> [Dataset]:
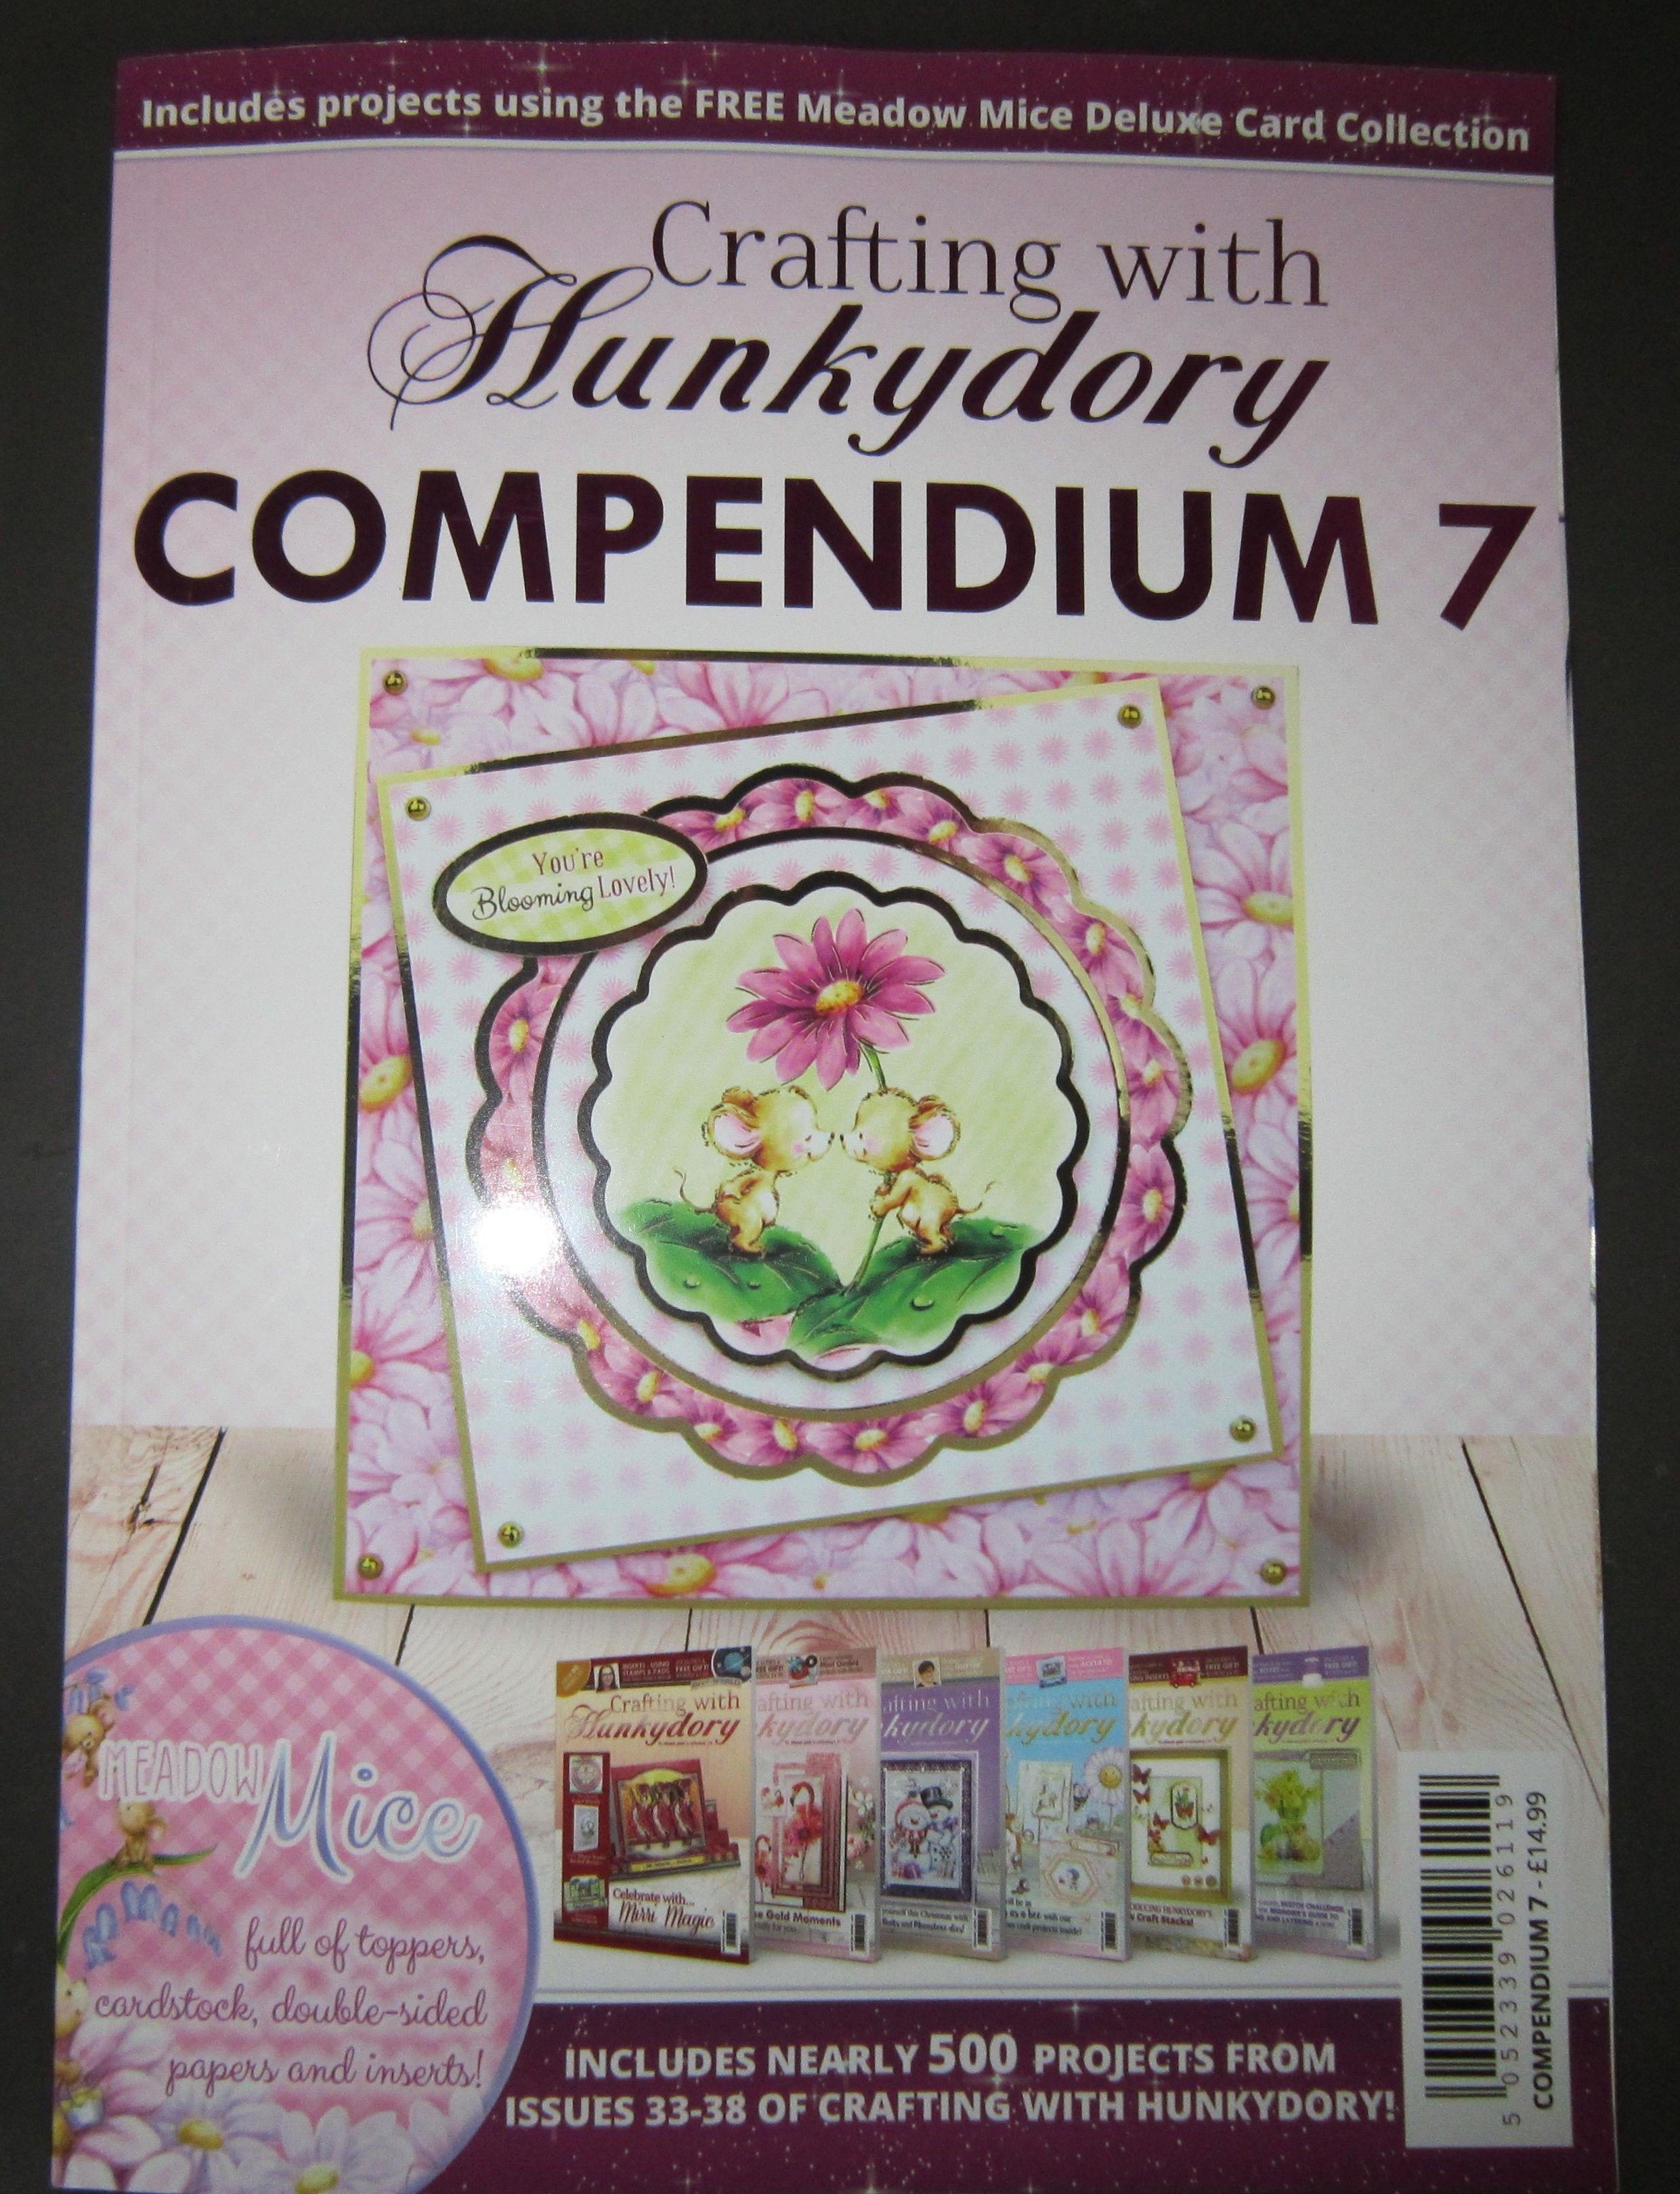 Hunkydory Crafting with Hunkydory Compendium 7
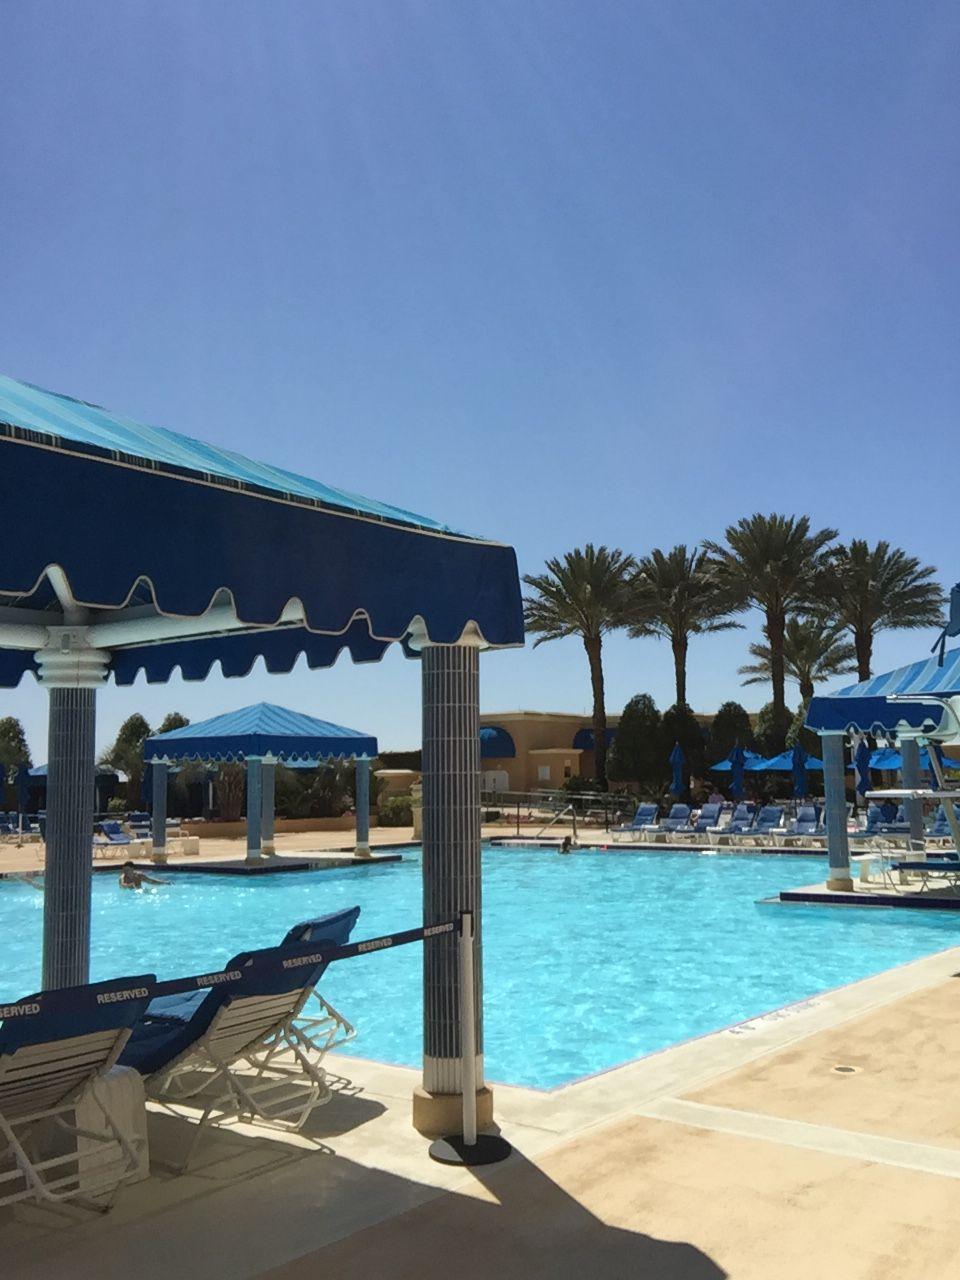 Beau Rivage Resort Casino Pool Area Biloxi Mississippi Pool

==

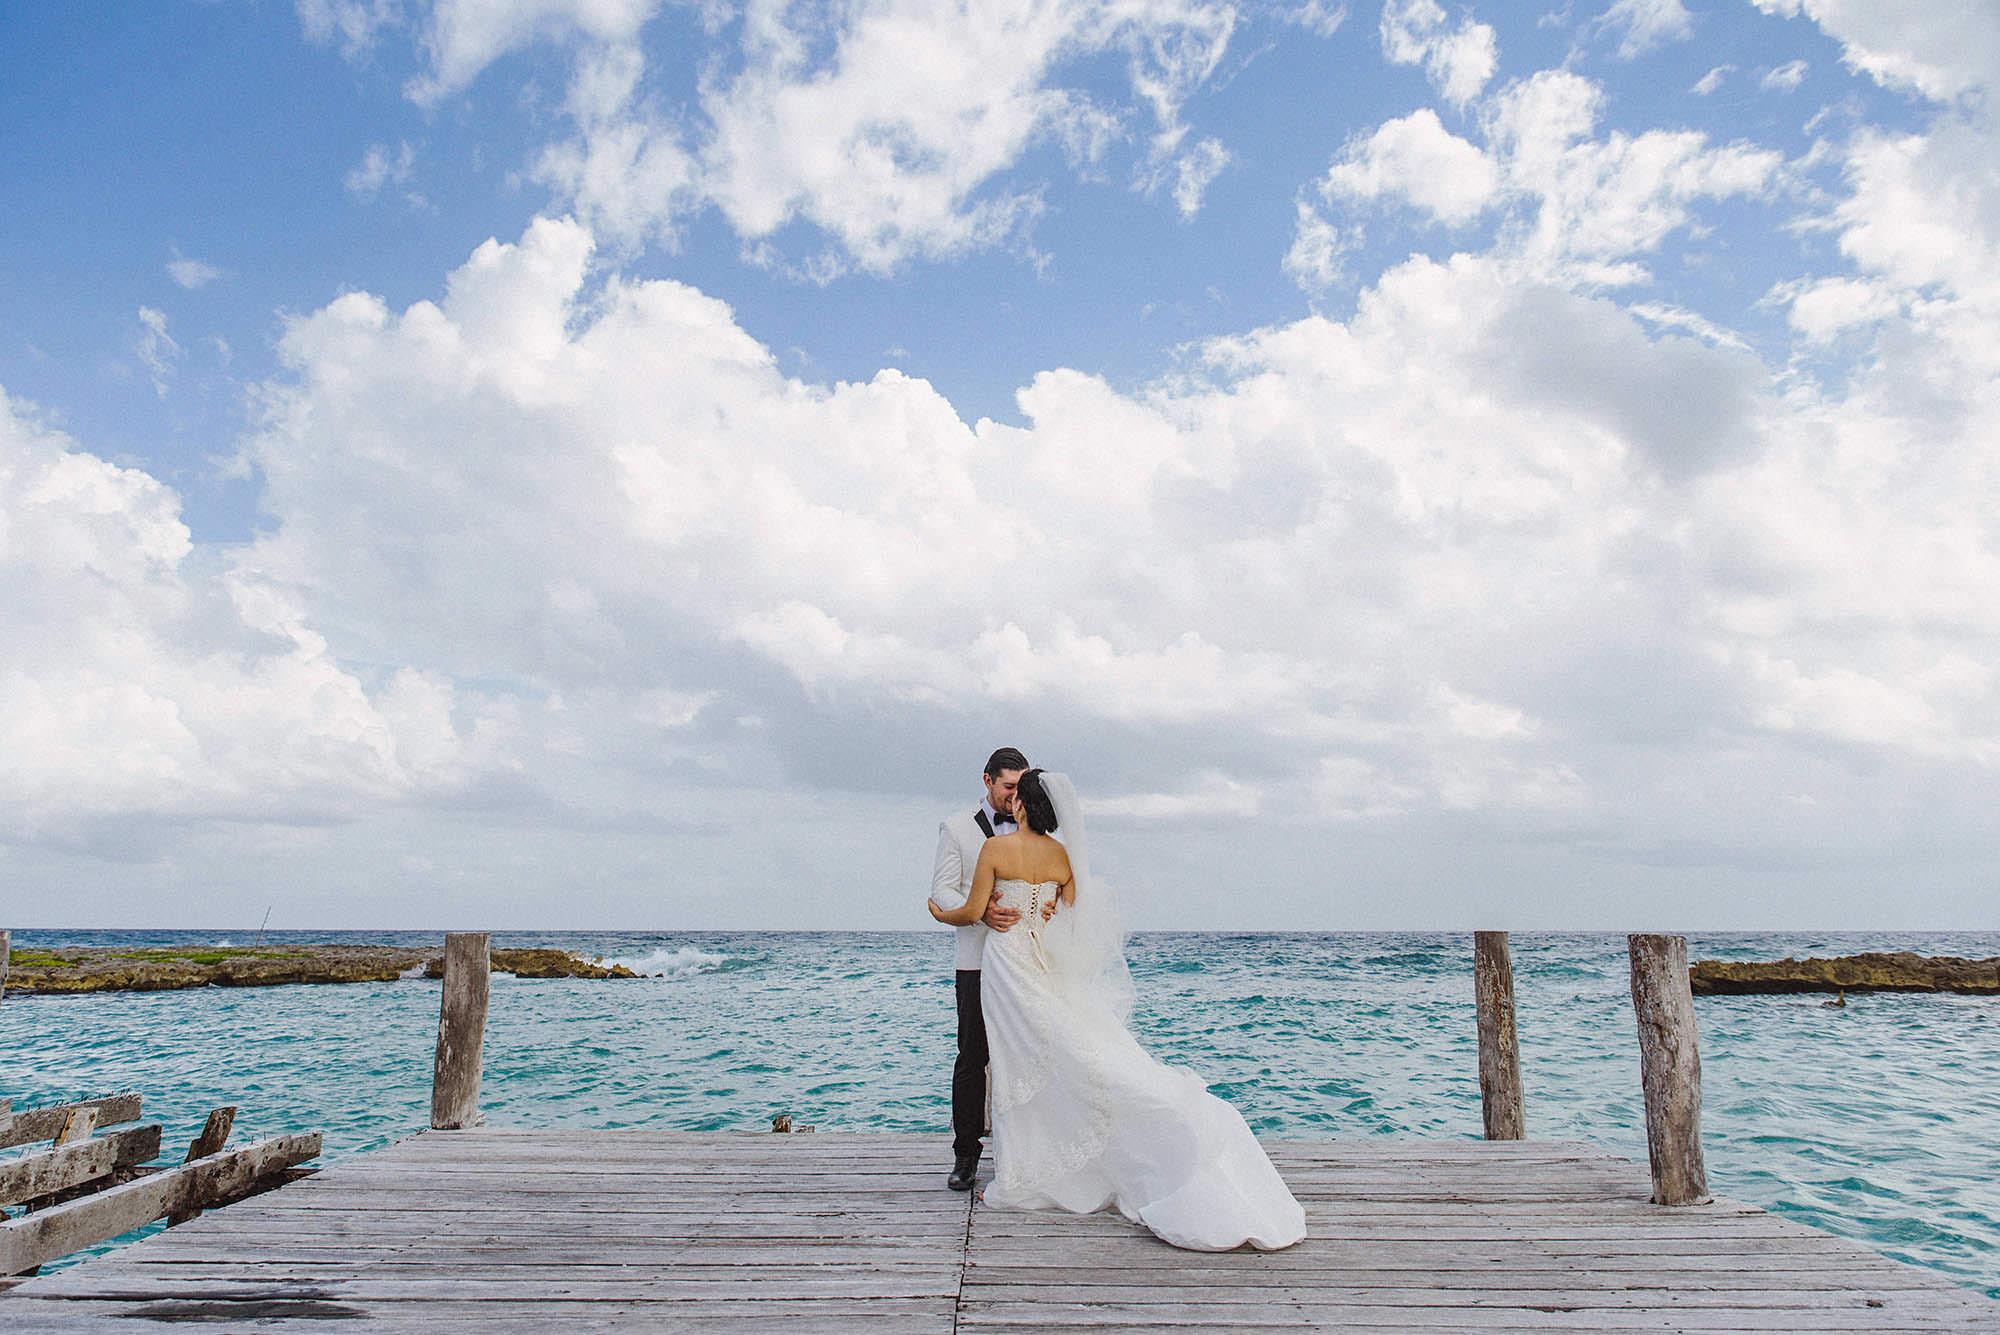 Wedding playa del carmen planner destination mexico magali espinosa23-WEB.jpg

==

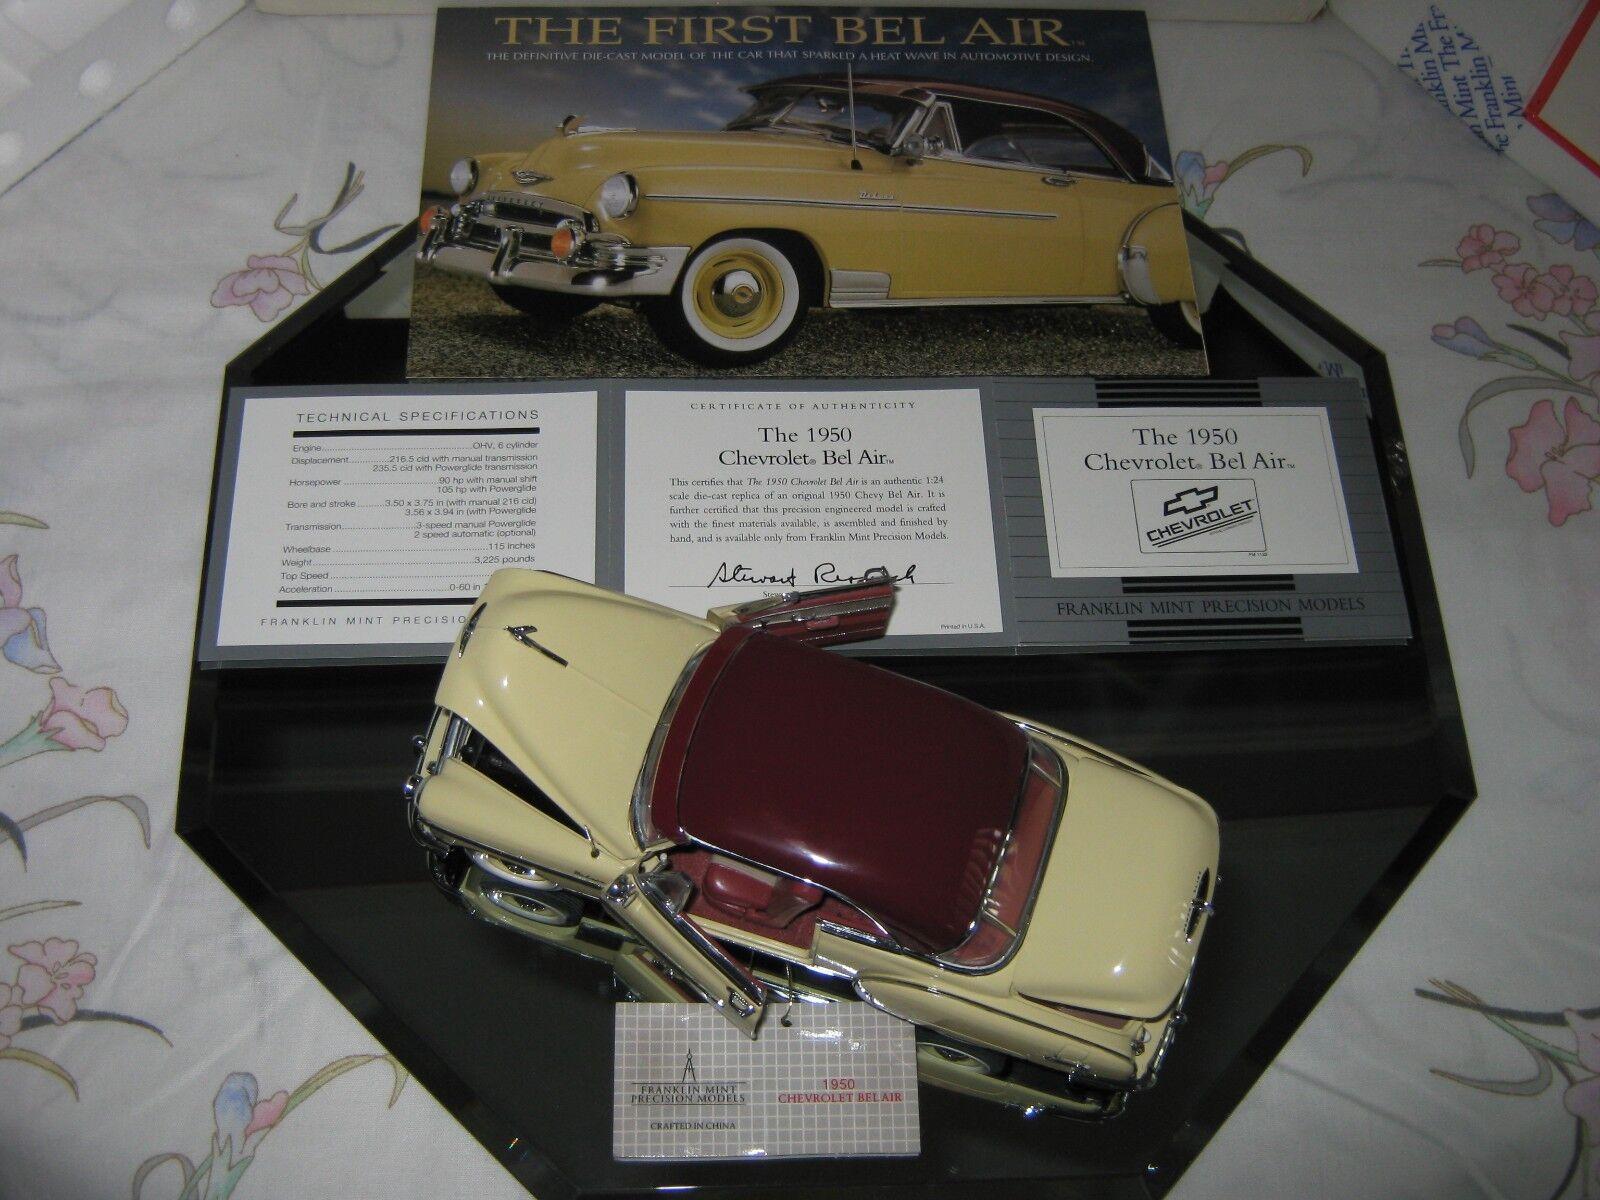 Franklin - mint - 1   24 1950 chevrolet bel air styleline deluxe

> [What to produce]: The lines to set down run from the line with "Hunkydory Crafting with" up to and including the line with "Beau Rivage Resort" in the entries above. Reproduce them exactly, with no pictures.

> [Response]:
 Hunkydory Crafting with Hunkydory Compendium 7
 Beau Rivage Resort Casino Pool Area Biloxi Mississippi Pool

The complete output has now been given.